For around the last 6 weeks I have been helping a friend get back into riding, she has just turned 40 & hasn't ridden since she was 11! She has been hacking out on my friend's horse with me once or twice a week & I have been instructing her as we go. She has mastered the rising trot pretty well, getting there with the sitting trot. She can also catch, groom, tack up & untack for herself now & is considering buying the horse she has been riding subject to vetting next week.
Today I took her out over the common where she hasn't ridden before, we were trotting up an uphill, sandy track with her in front. I came up beside, looked over & said " canter then?", she sorta looked confused then nodded so I overtook & upped a gear. We cantered up the hill & nearing the top I slowed so she came up beside so I could see how she was doing, my god I have never seen a grin so big in my life!
She coped well & the horse was good as gold, I think it has totally made her week!


----------



## Reiterin (Aug 7, 2011)

That sounds like a great experiece for both of you. You have done a very good work!!:thumbup: :thumbup:


----------



## sarelis (Aug 29, 2011)

Thanks guys, just appreciating the simple pleasures after such a horrible week last week what with the pony being pts, was nice to have a happy ride out with no complications!


----------



## Elles (Aug 15, 2011)

How lovely.  Good luck with the vetting. :thumbup:

My weekend has involved trimming a load of feet and cutting my finger to the bone opening a bale of haylage. It bled so much, after 2 hours with it tightly wrapped with vet wrap, so I could finish up, it was still dripping blood. 

I'm now knackered, planning on an early night and drinking a bottle of beer, or maybe two. :


----------



## sarelis (Aug 29, 2011)

Thanks! Ouch, finger sounds painful, get that beer down you! Seriously though if it was still bleeding heavily after 2 hours it might need stitches, though I can see that collapsing with a beer is infinitely preferable to a visit to A&E!


----------



## Elles (Aug 15, 2011)

> it might need stitches


I had paper stitches in the first aid kit at home, so I subjected it to a bit of diy. 
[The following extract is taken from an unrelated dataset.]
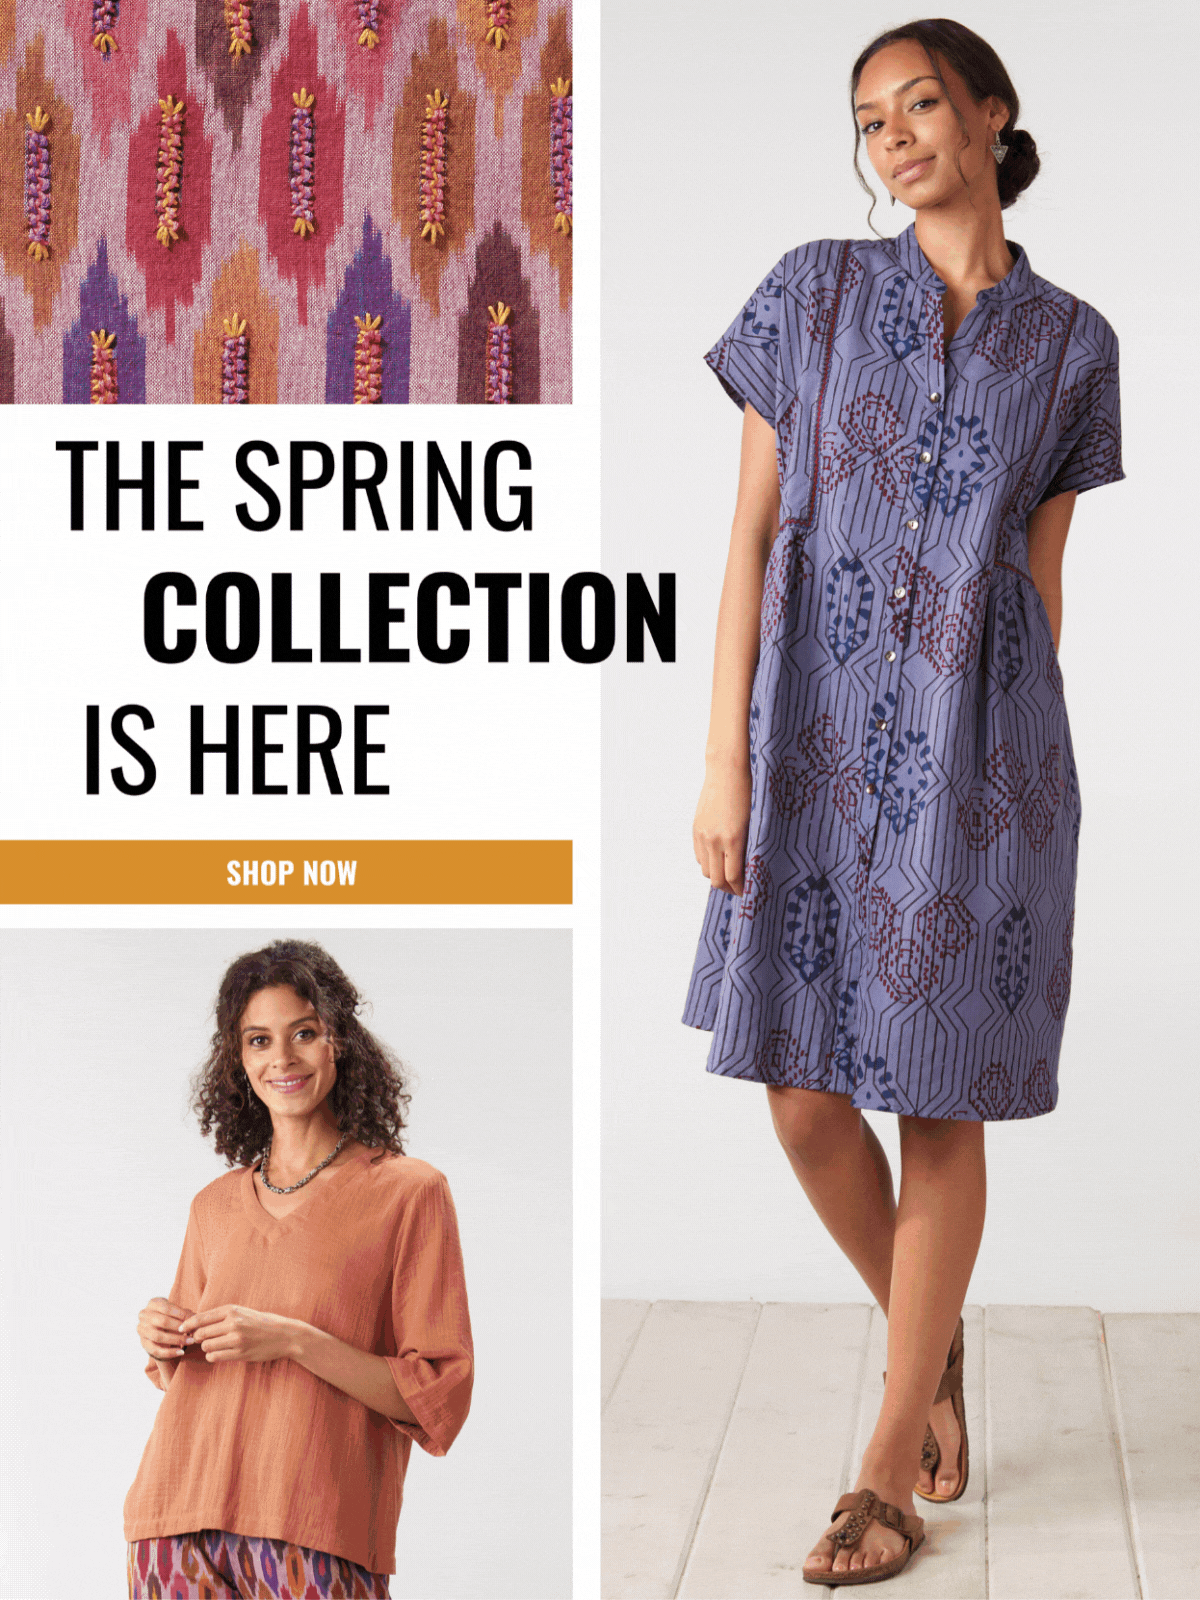 THE SPRING COLLECTION IS HERE SHOP NOW

I should probably take a first aid to the yard, I usually use the horses' kit instead. Vet wrap and gaffer tape is the ultimate first aid kit. :lol:


----------



## kaz25 (Aug 9, 2011)

I could do with a friend like you!! Desperate to get back in the saddle after about 10 years or more but can't afford to go for lessons atm


----------



## lucylastic (Apr 9, 2011)

That's so lovely. Well done to both of you.


----------